Start of STORED DATA

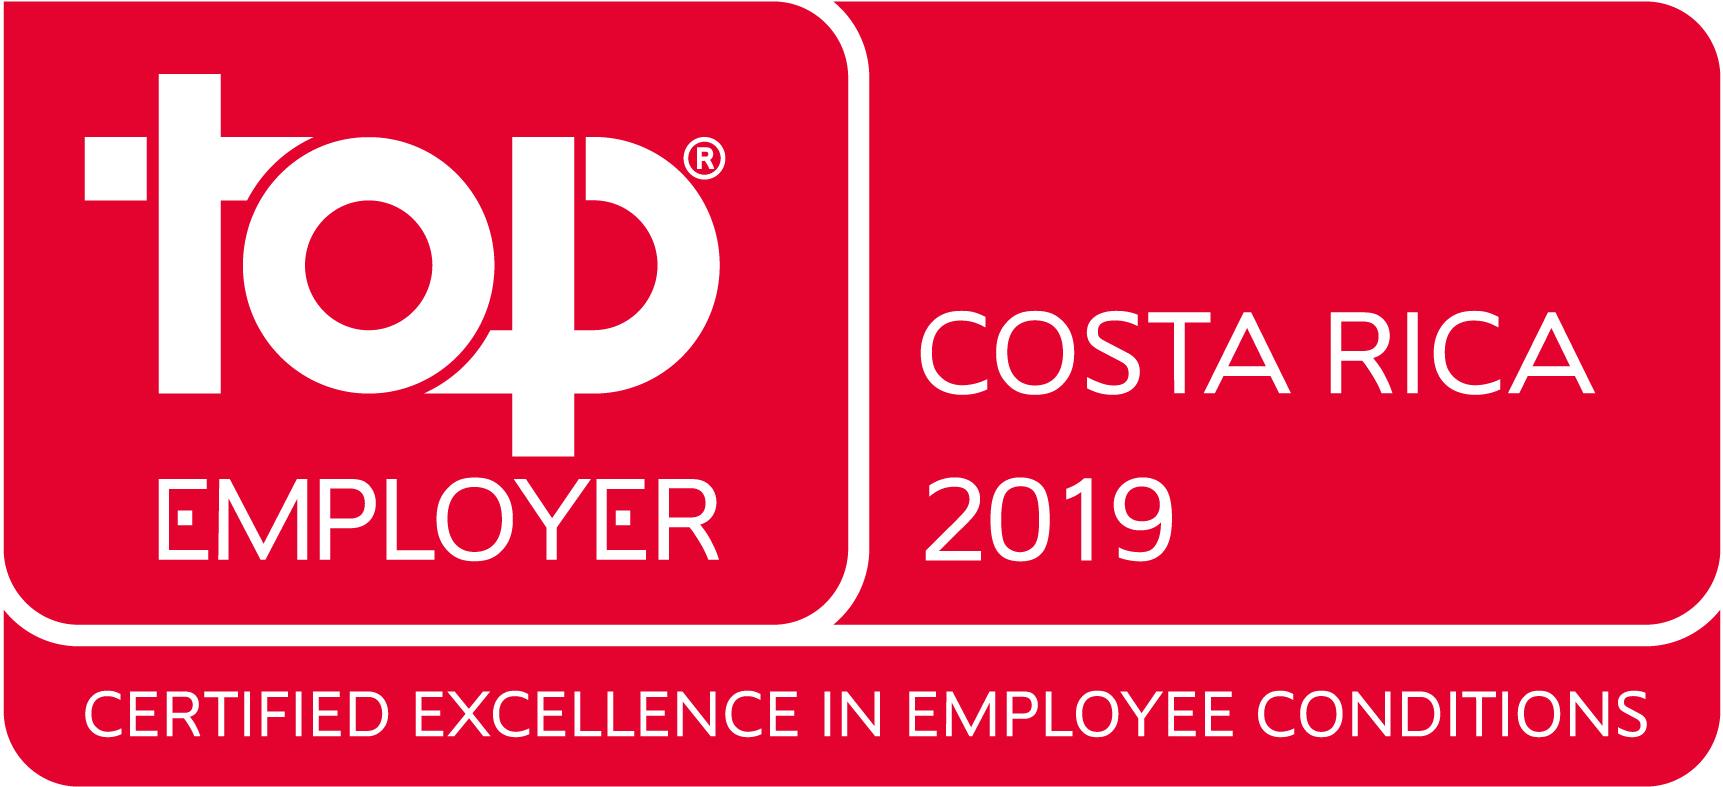 Top_Employer_Costa_Rica_2019
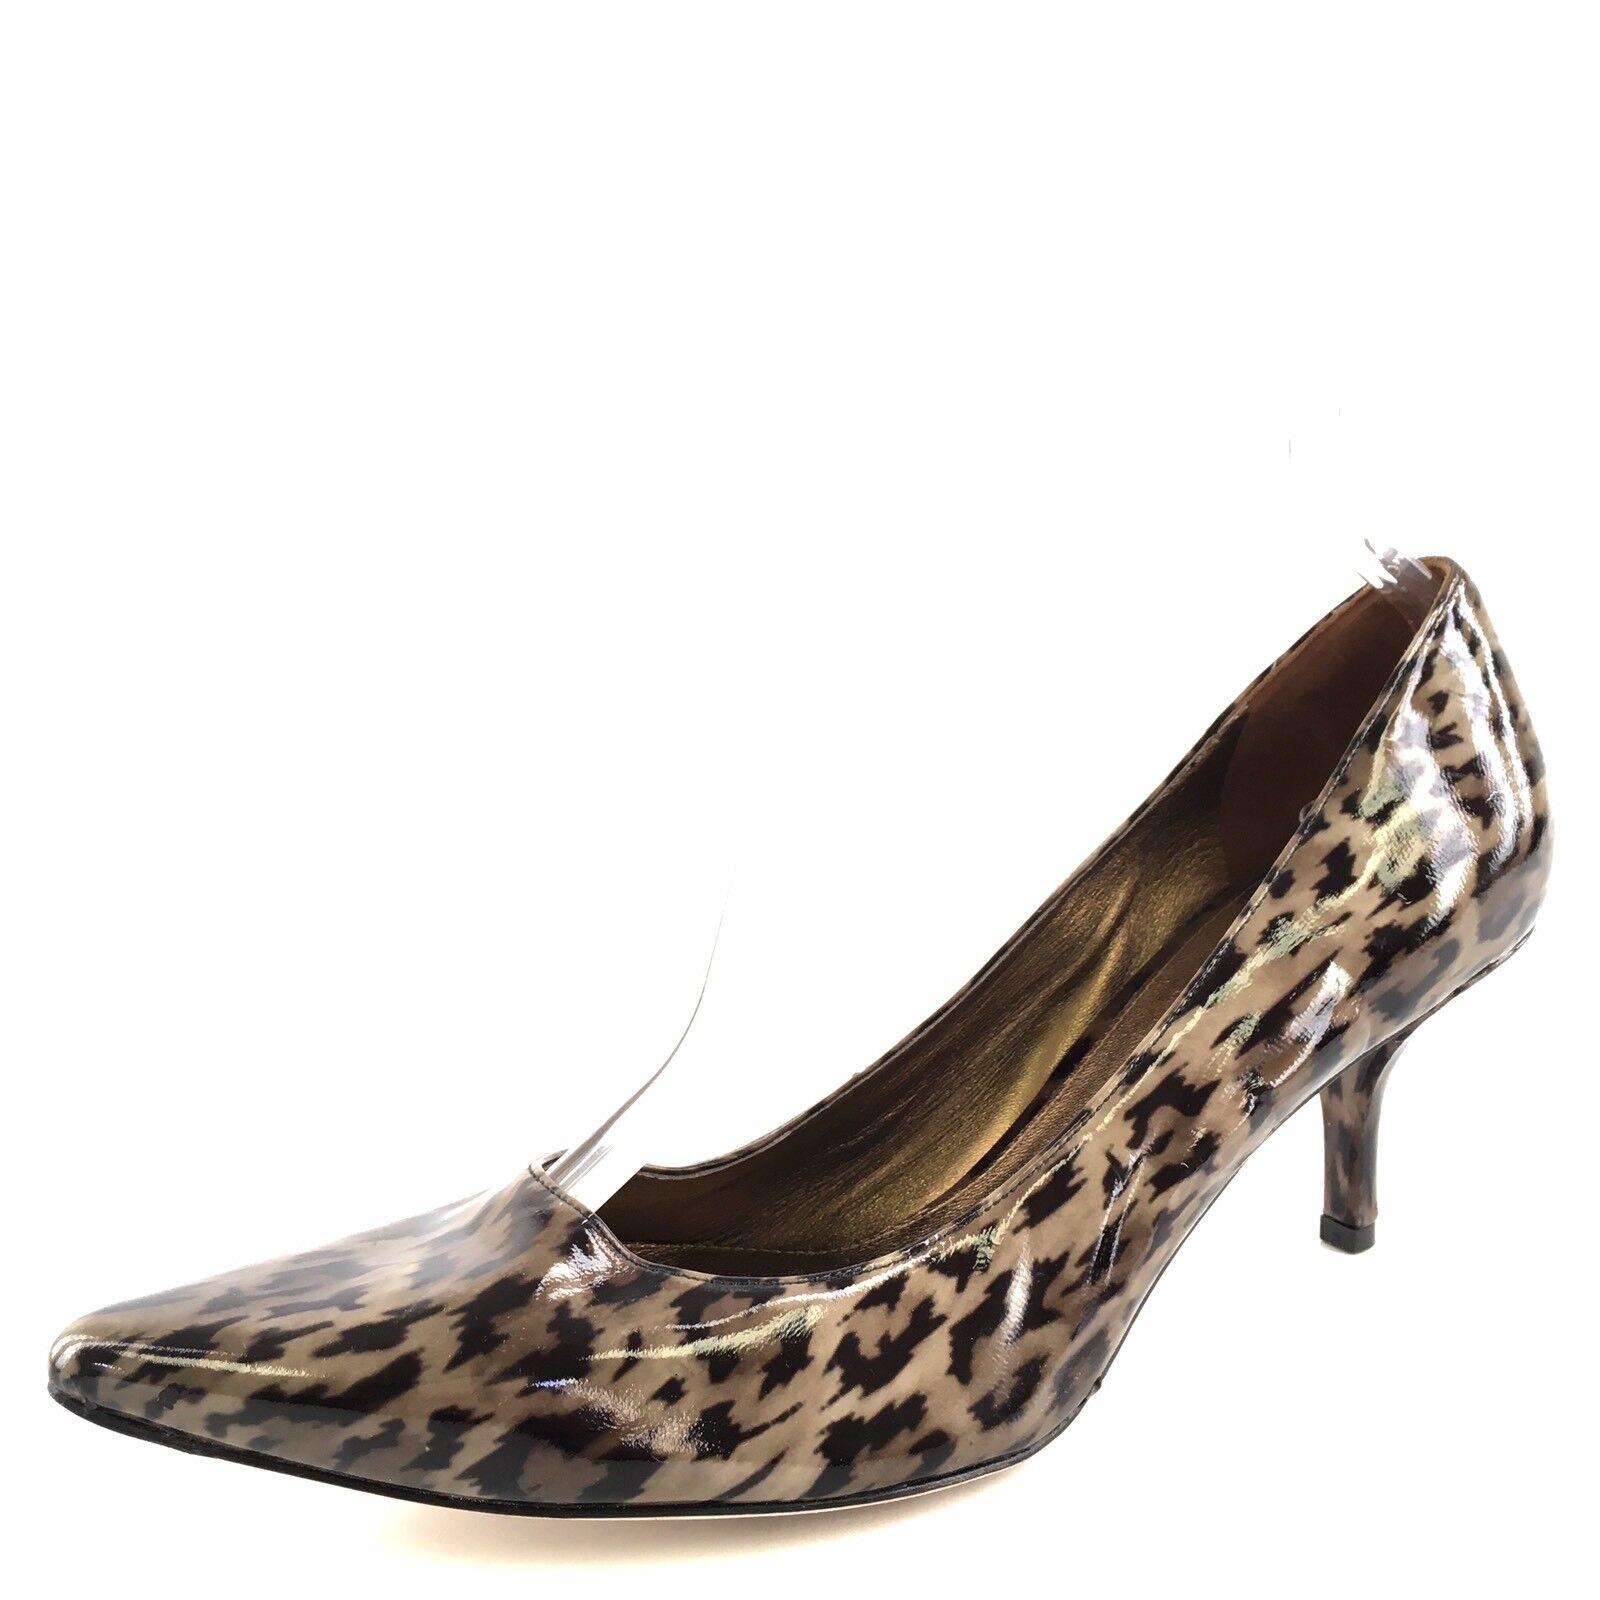 NEU Via Spiga Carola Leopard Print Leder Pointy Toe Pumps Damenschuhe Größe 10.5 M
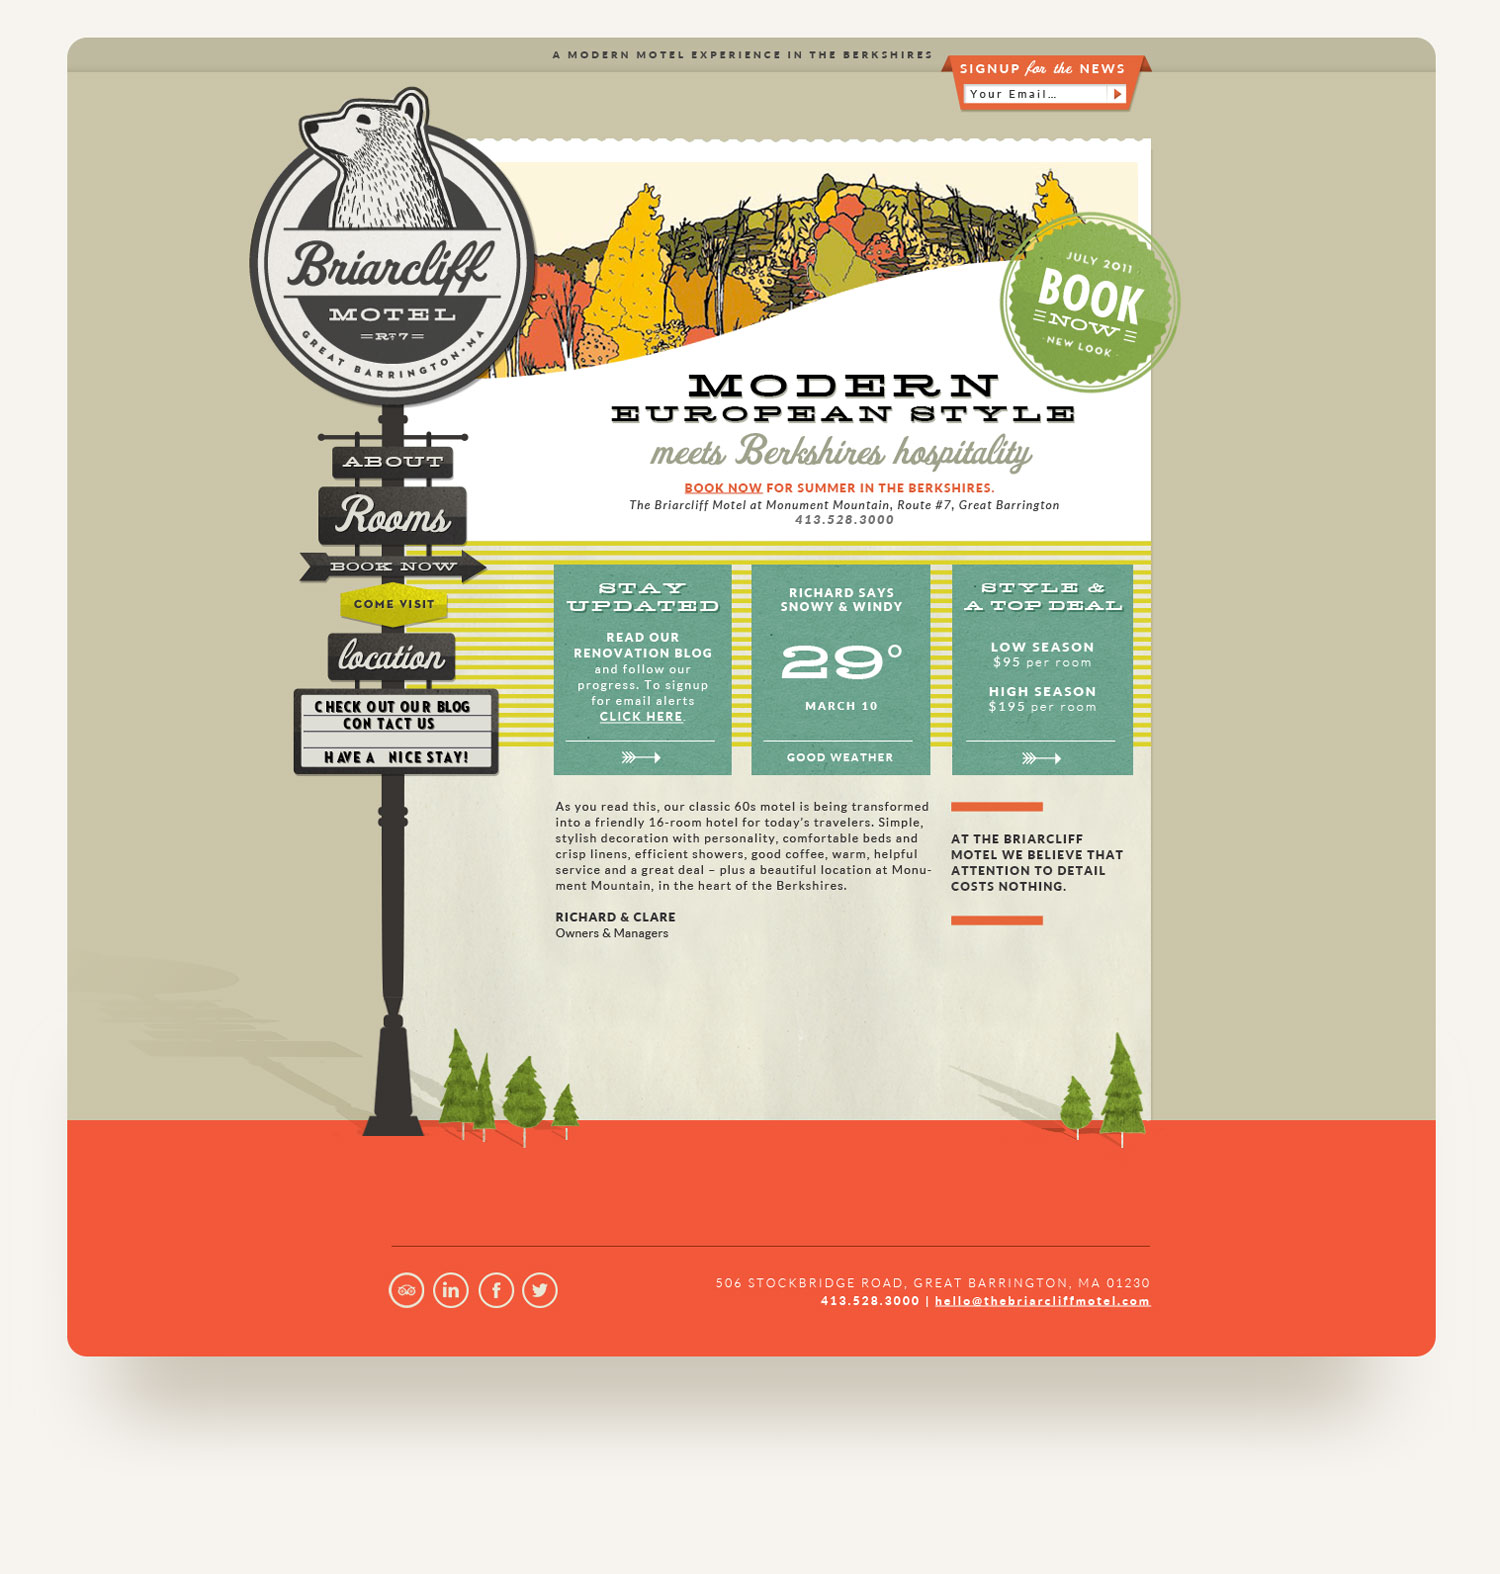 The Briarcliff Motel website design. Bear logo, retro signage navigation. design by brittany hurdle beckon webeckon
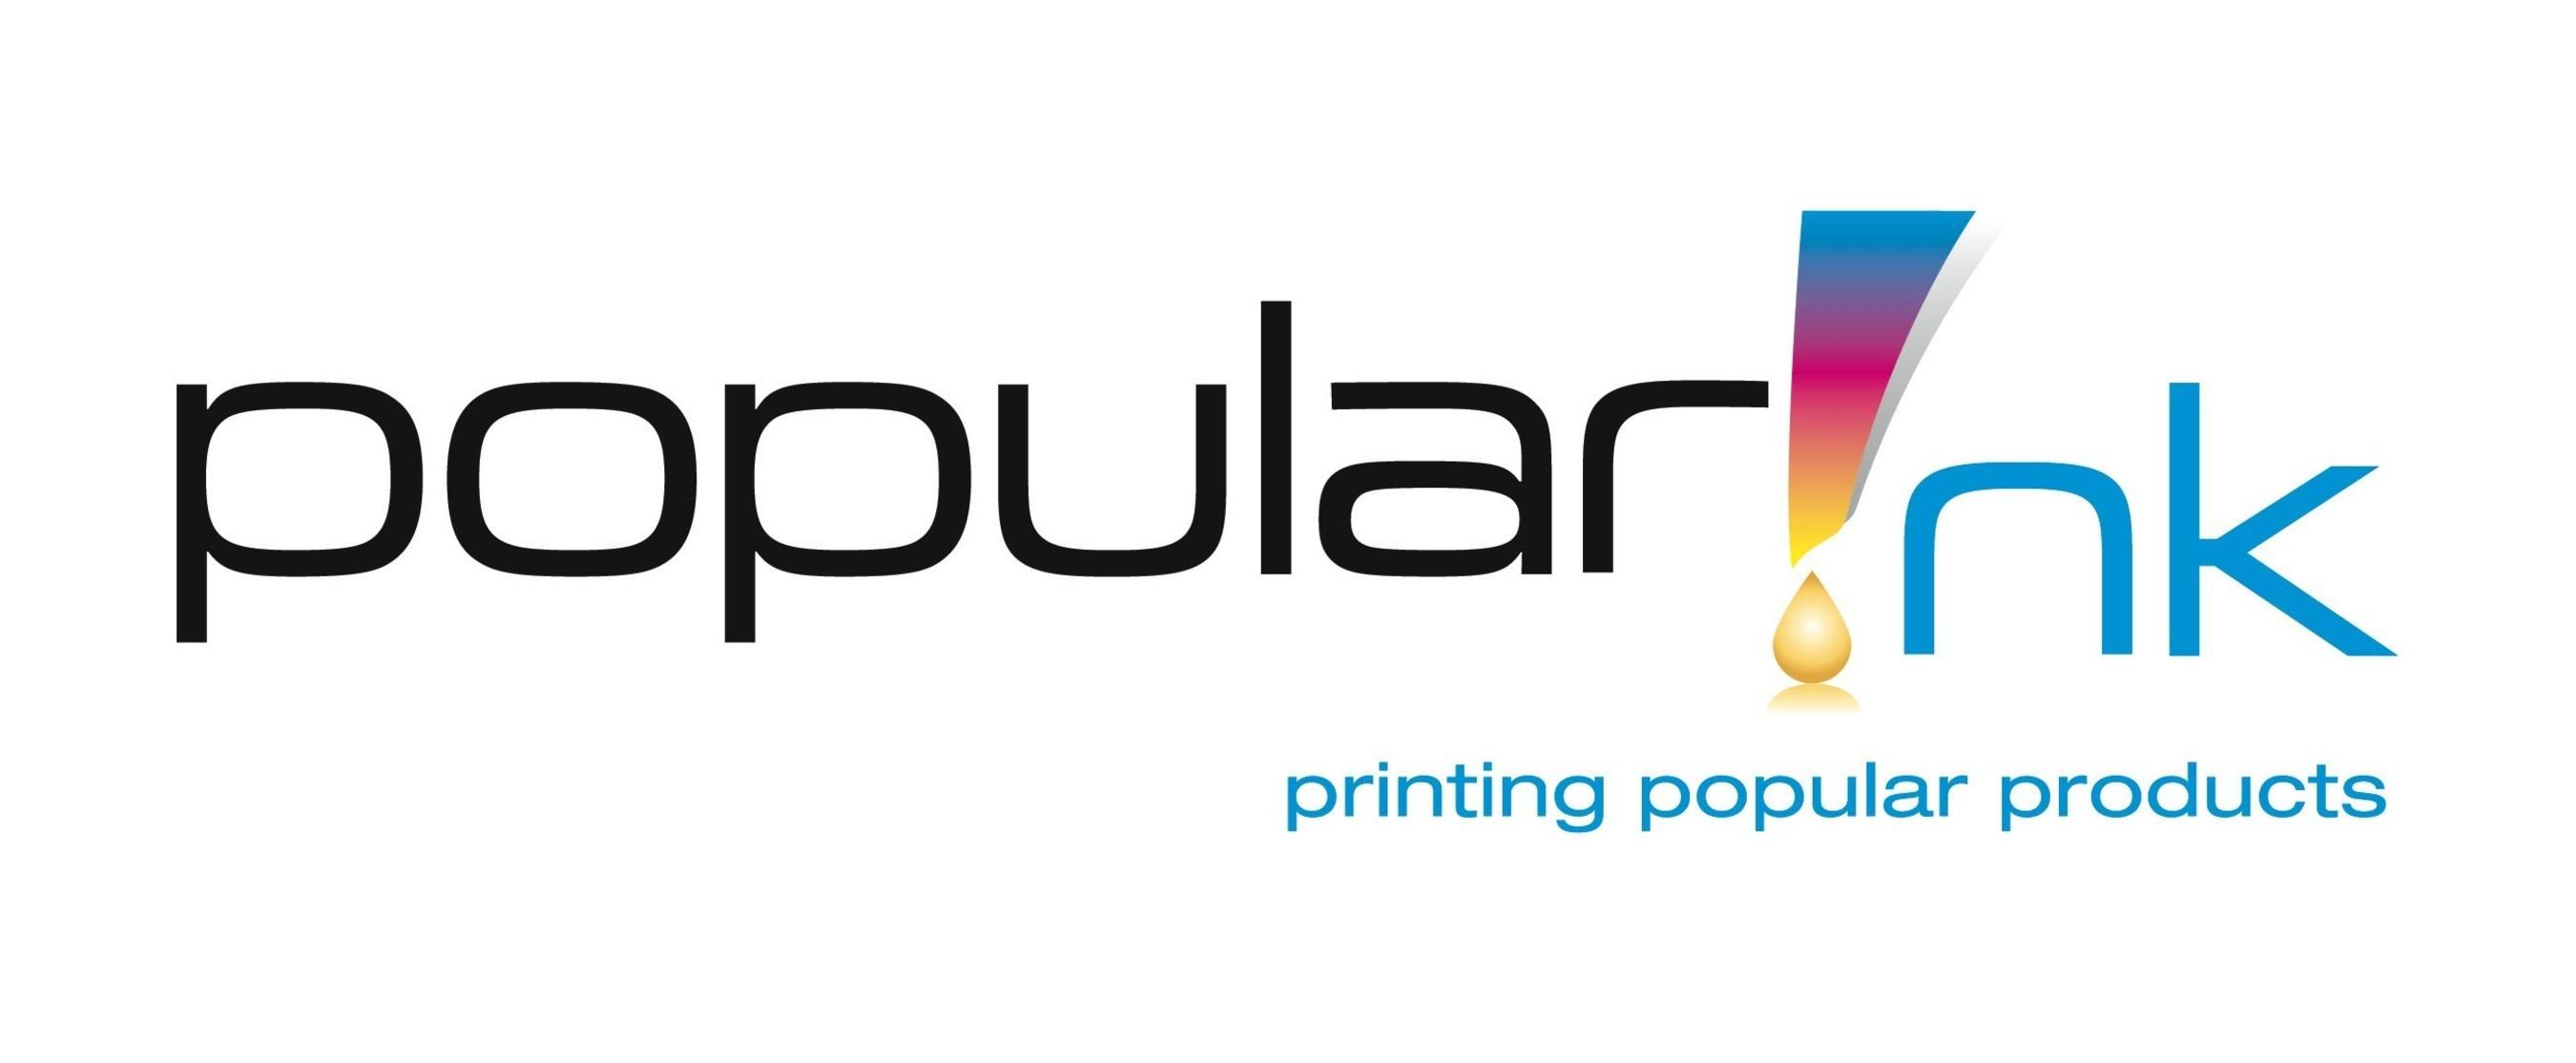 Popular Ink, LLC

End of STORED DATA

■ WORK REQUEST: Print the listing exactly. No pictures belong in the copy.

■ OUTPUT:
 Top_Employer_Costa_Rica_2019
 NEU Via Spiga Carola Leopard Print Leder Pointy Toe Pumps Damenschuhe Größe 10.5 M
 The Briarcliff Motel website design. Bear logo, retro signage navigation. design by brittany hurdle beckon webeckon
 Popular Ink, LLC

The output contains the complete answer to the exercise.